In a bid to drive digital growth, the US tech giant has struggled to recruit enough couriers to safely and reliably deliver parcels, which should land Amazon billions.
The world’s most popular online retailer has branched into a range of new businesses and is investing billions on building its Amazon Prime delivery network, according to a recent report in the Wall Street Journal.
Already, the Seattle-based company boasts the world’s largest network of delivery trucks, and has also driven the development of its own shipping containers, testing the idea that their wider range of sizes and materials mean they can serve a multitude of delivery options.
While all of these efforts have helped Amazon reach its lofty goal of reaching 10 billion shipments a year, which equates to more than half of all packages sold in the US, its expansion into other parts of the global economy, such as its bricks-and-mortar retail stores, has been slower than it hoped.
So it is responding by building out its delivery networks and cutting out the middle man — namely couriers. This is already evident in the Amazon contract workers pictured here, who sit behind a truck in a row waiting to get to a city’s airport in an aging van.
While the aforementioned contract workers would appear to be a “carrier” in the eyes of Amazon, their work is actually a peripheral aspect of the company’s cargo vehicles. Indeed, most are carried around by drivers who are also using the vans.
The contracted-for company, New Edge Logistics, usually got around paperwork issues by simply providing Amazon’s customers with maps of where the the vans would travel around the airport before sending out the drivers. The company would also supply the driving skills of the workers too, explained CEO Rick Marchant.
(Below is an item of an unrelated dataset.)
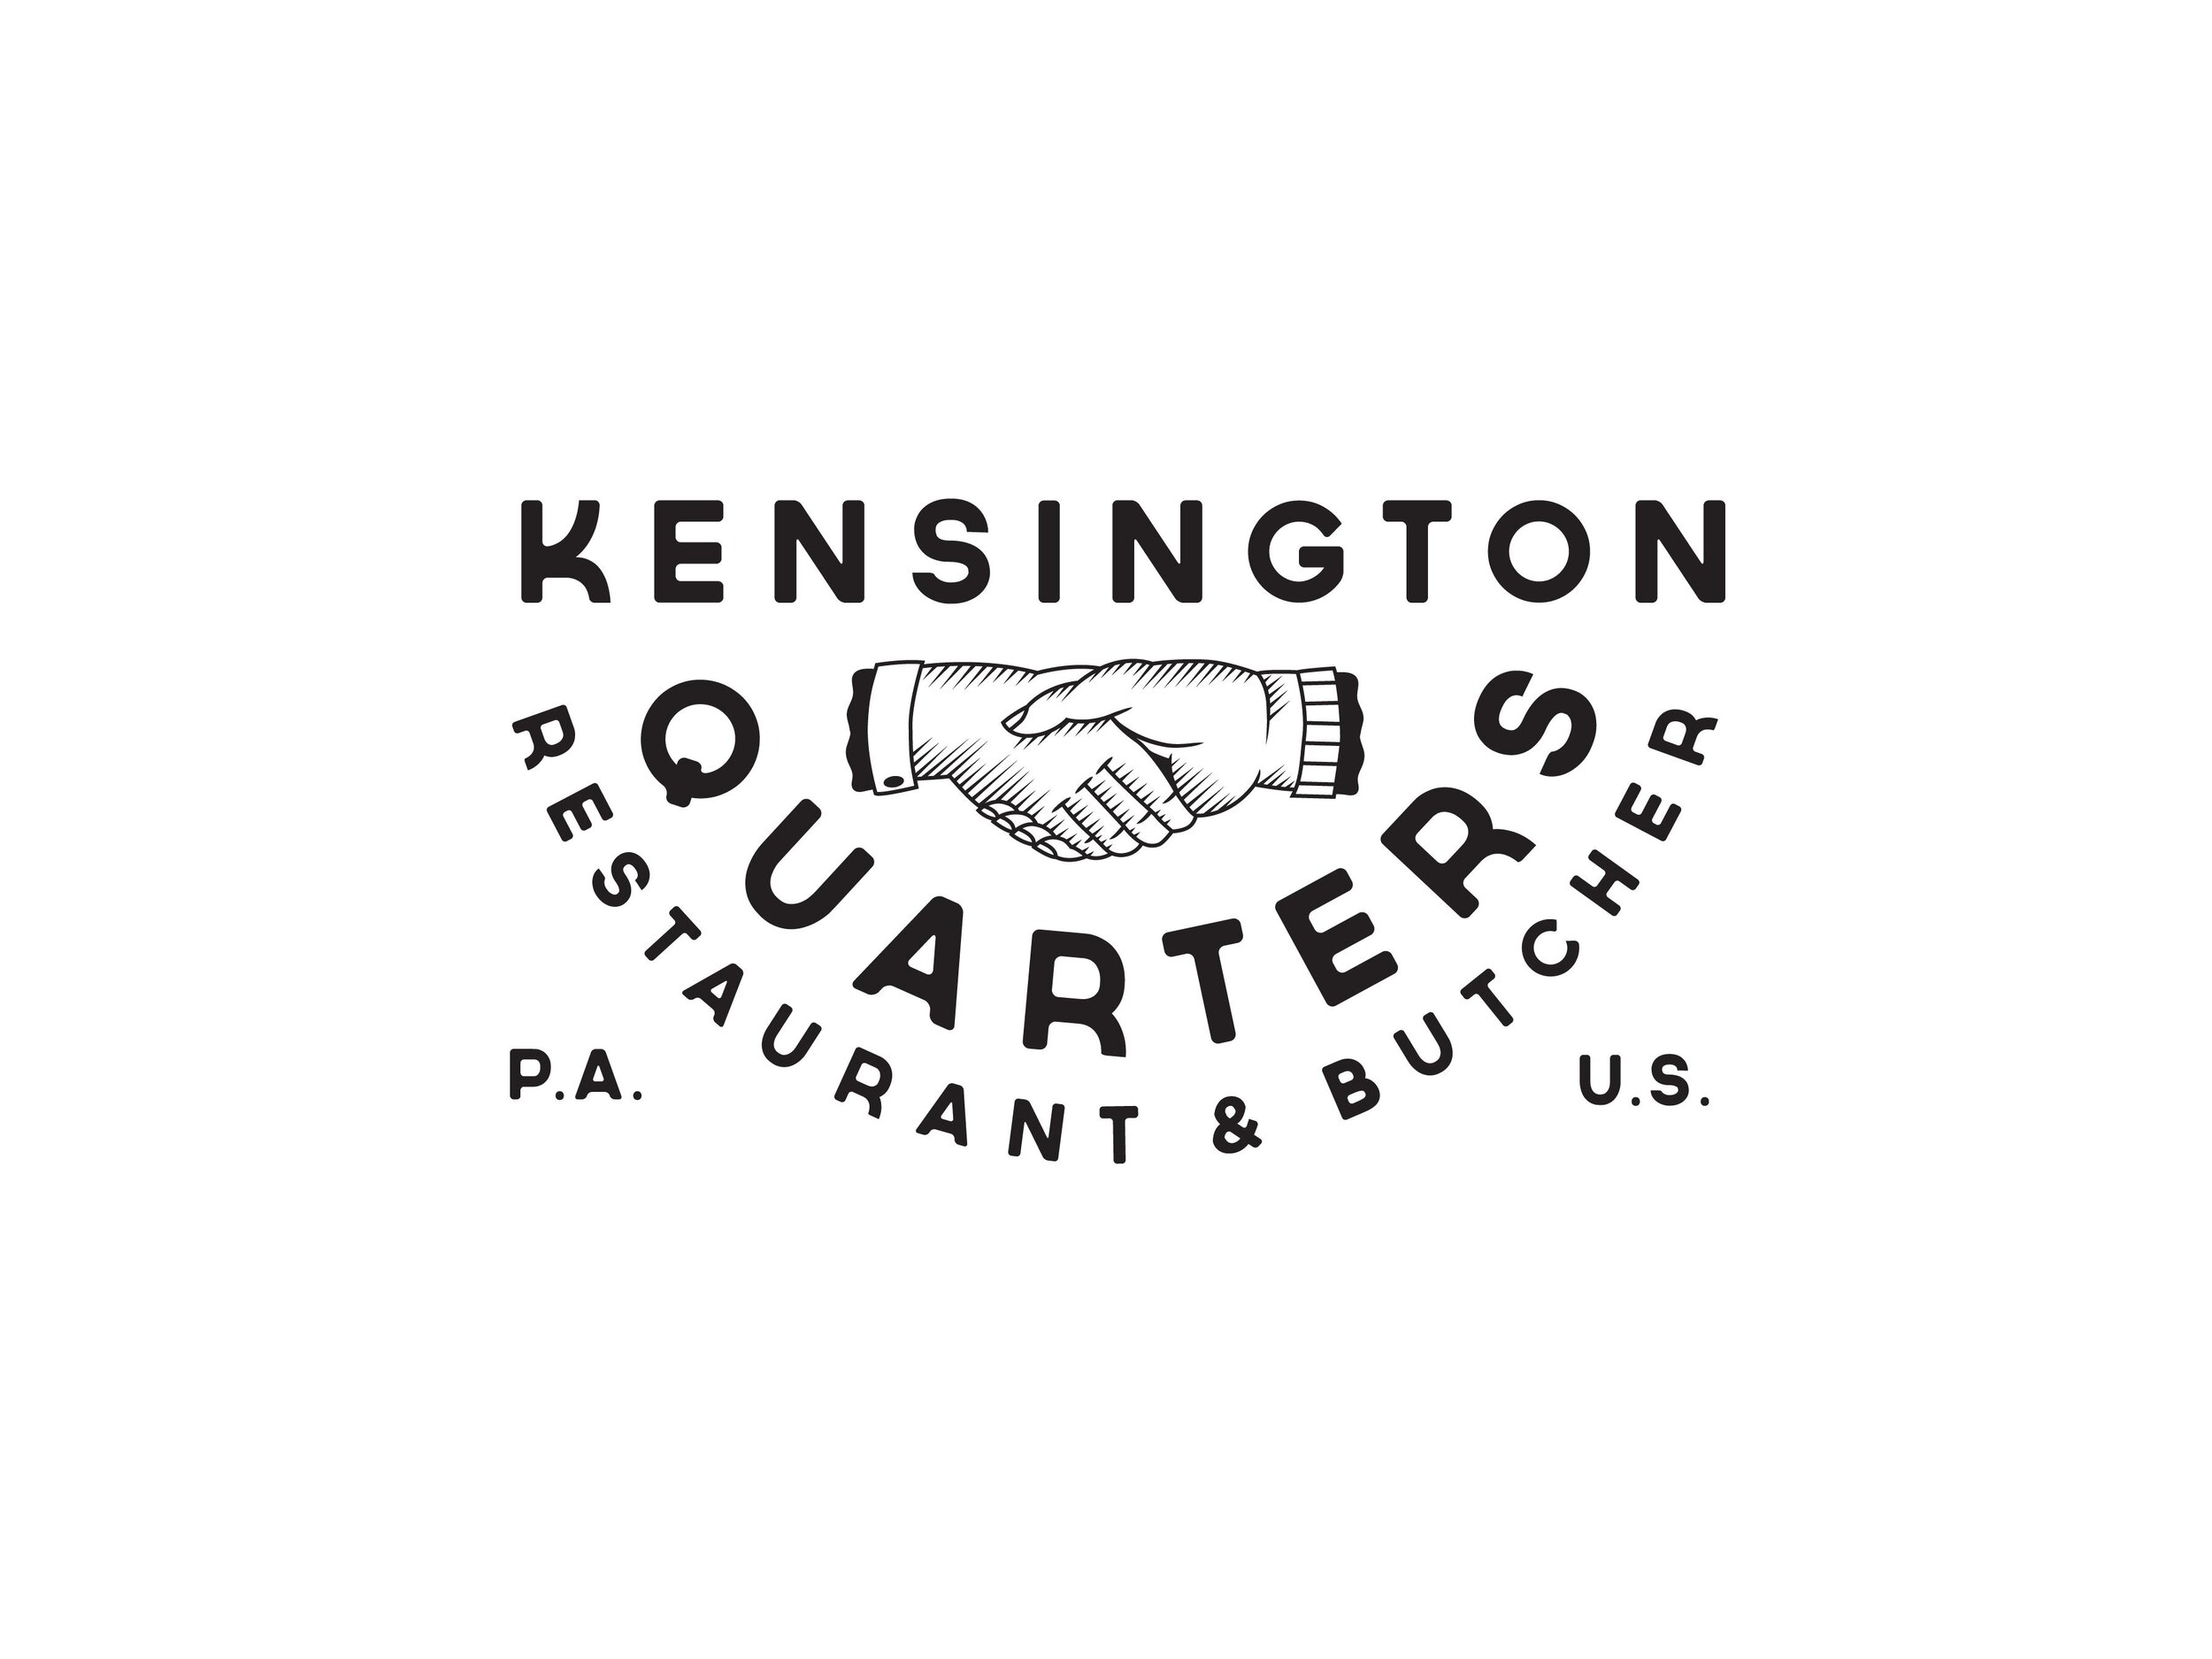 Kensington Quarters logo.jpeg

“When Amazon wants someone to pick up packages, New Edge’s big advantage is getting people that have ‘it,’ having drive-time, making money and getting to where they need to go. Amazon would never hire a live truck driver.”
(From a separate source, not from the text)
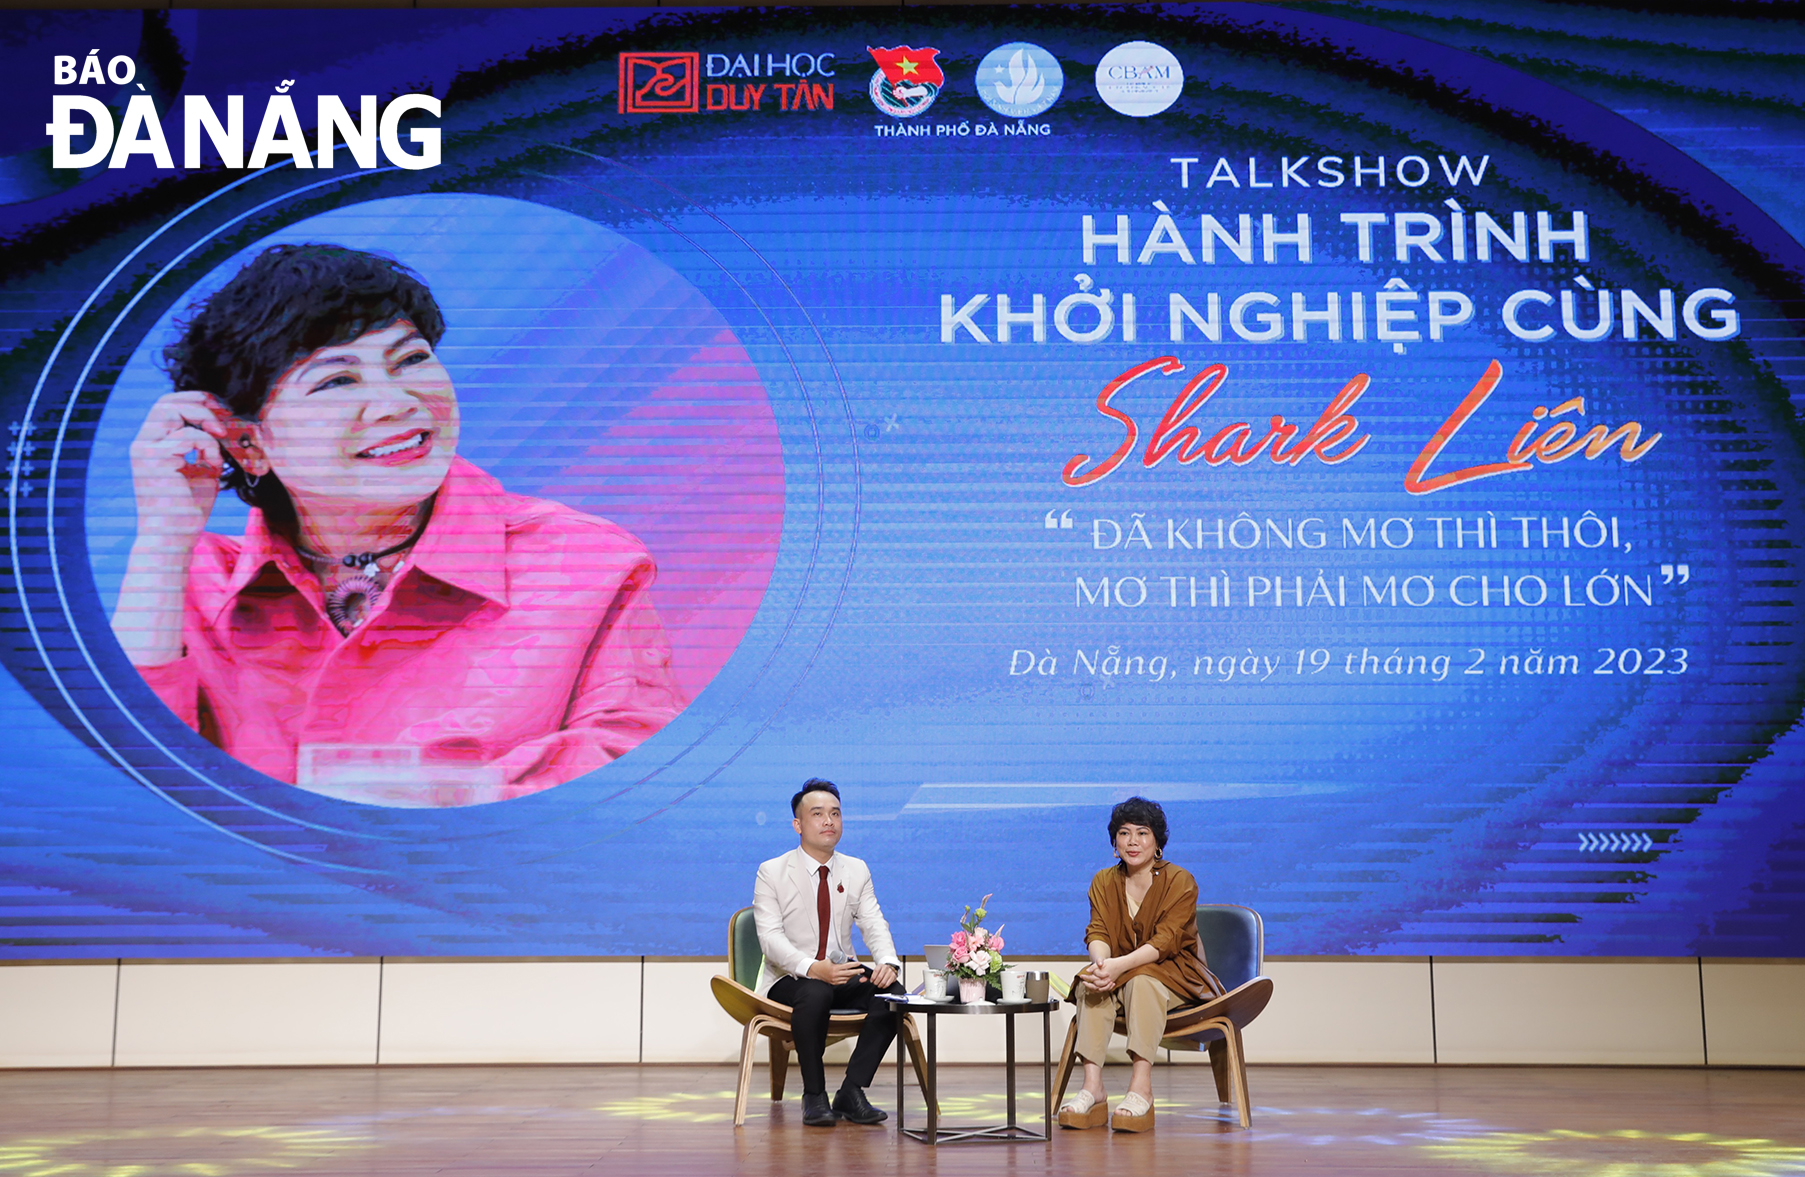 Bà Đỗ Thị Kim Liên (Shark Liên) trong buổi Talkshow “Hành trình khởi nghiệp” tại Trường Đại học Duy Tân. Ảnh: T.V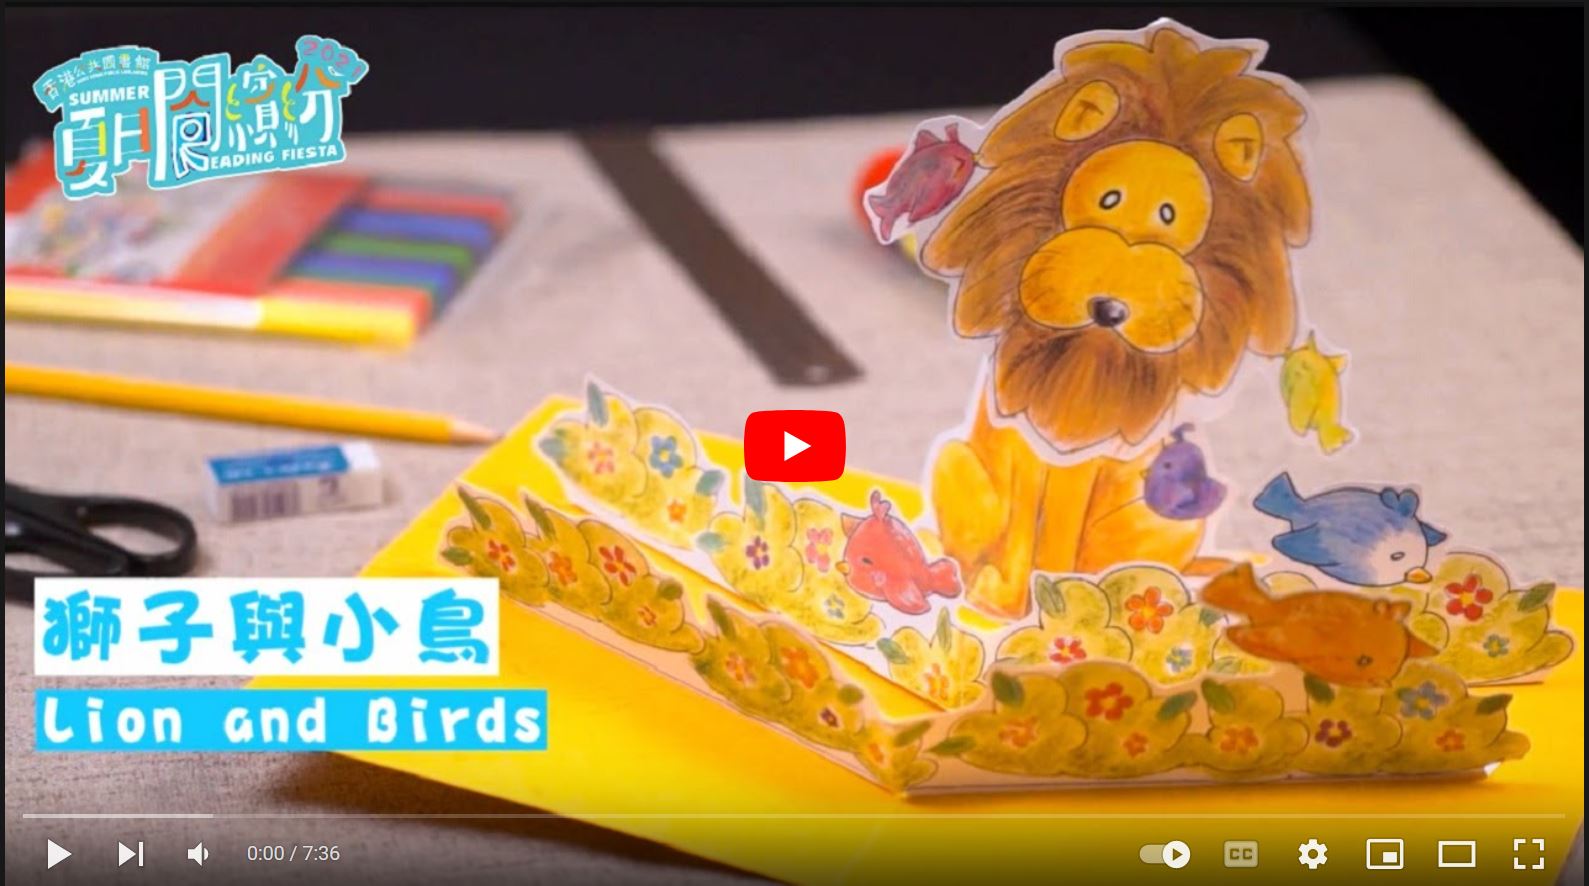 【夏日閱繽紛】立體卡工作坊 (3) 獅子與小鳥

Analysts say Amazon spends $3.4 billion a year on “bulk” delivery costs, covering the cost of storing and ship parcels or “stacking” them on trucks to spend fewer resources delivering parcels to customers.
This “bulk” is two thirds the amount charged to grocery shoppers by the likes of Walmart, but it is also working out to be three times the bill of UPS and FedEx, despite the huge costs of hiring, running and caring for the truckers.
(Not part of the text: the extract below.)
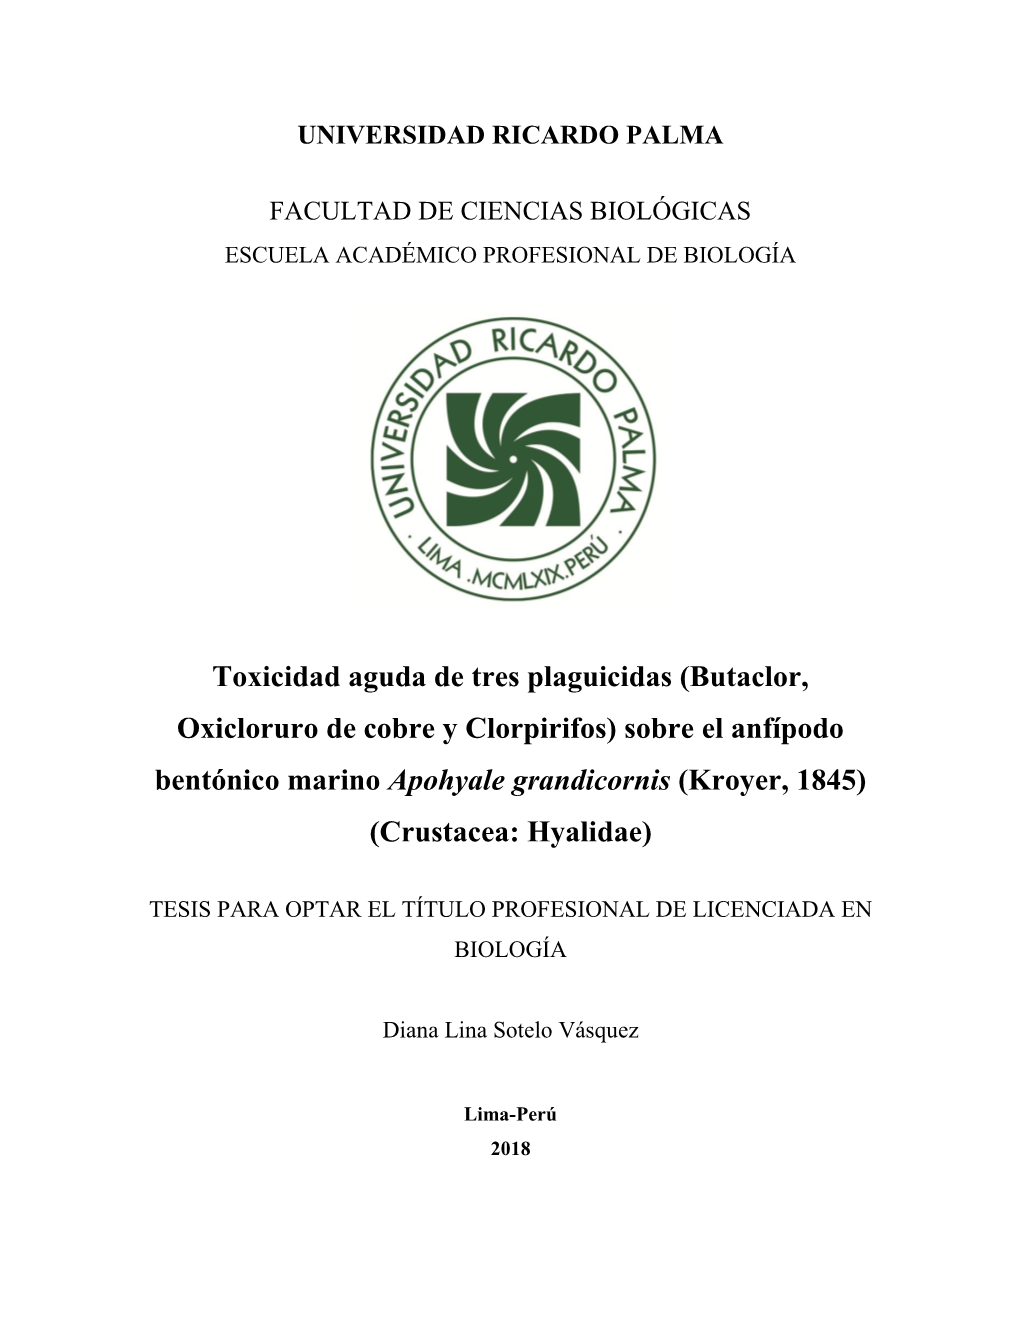 Butaclor, Oxicloruro De Cobre Y Clorpirifos) Sobre El Anfípodo Bentónico Marino Apohyale Grandicornis (Kroyer, 1845) (Crustacea: Hyalidae)

Amazon has its own cash vans, too, to deliver goods more quickly.
And while this information may seem like routine, cartography is absolutely crucial in the shipping industry.
Think the roads look cluttered at rush hour? While the biggest logistics companies in the world could step in and do it quicker than anyone else, the route changes required could potentially be devastating to some roads. And, again, don’t think trucks have to be painted green to be serviceable.
Mountainous areas are known to be particularly difficult for pickups, with inbound transport encountering either abrupt or severe alterations in roads that may cause a loss of time and distance.
Geography is just one of the challenges. Even if Amazon’s vehicles are able to get to a couriers’ job with established routes, getting packages to the recipient’s doorstep is only half the battle. Getting there safely is the most challenging aspect of the problem, leading to far more incidents than the logistics companies handle.
Ever wonder why so many accidents happen at certain times of day? Amazon’s vehicles are forced to take extreme paths on the roads — in particular after midnight and before dawn.
In fact, government-mandated speed restrictions are often not enforced or enforced only minimally when delivering online from the US’s busiest cities — such as New York, Los Angeles and Chicago.
And it’s not just major US cities that have slow streets. Even when traffic speeds are high, the supply of people capable of safely travelling on a busy city’s roads is tiny. In fact, Amazon is only operating in 20% of the US, so it faces challenges no matter where it operates.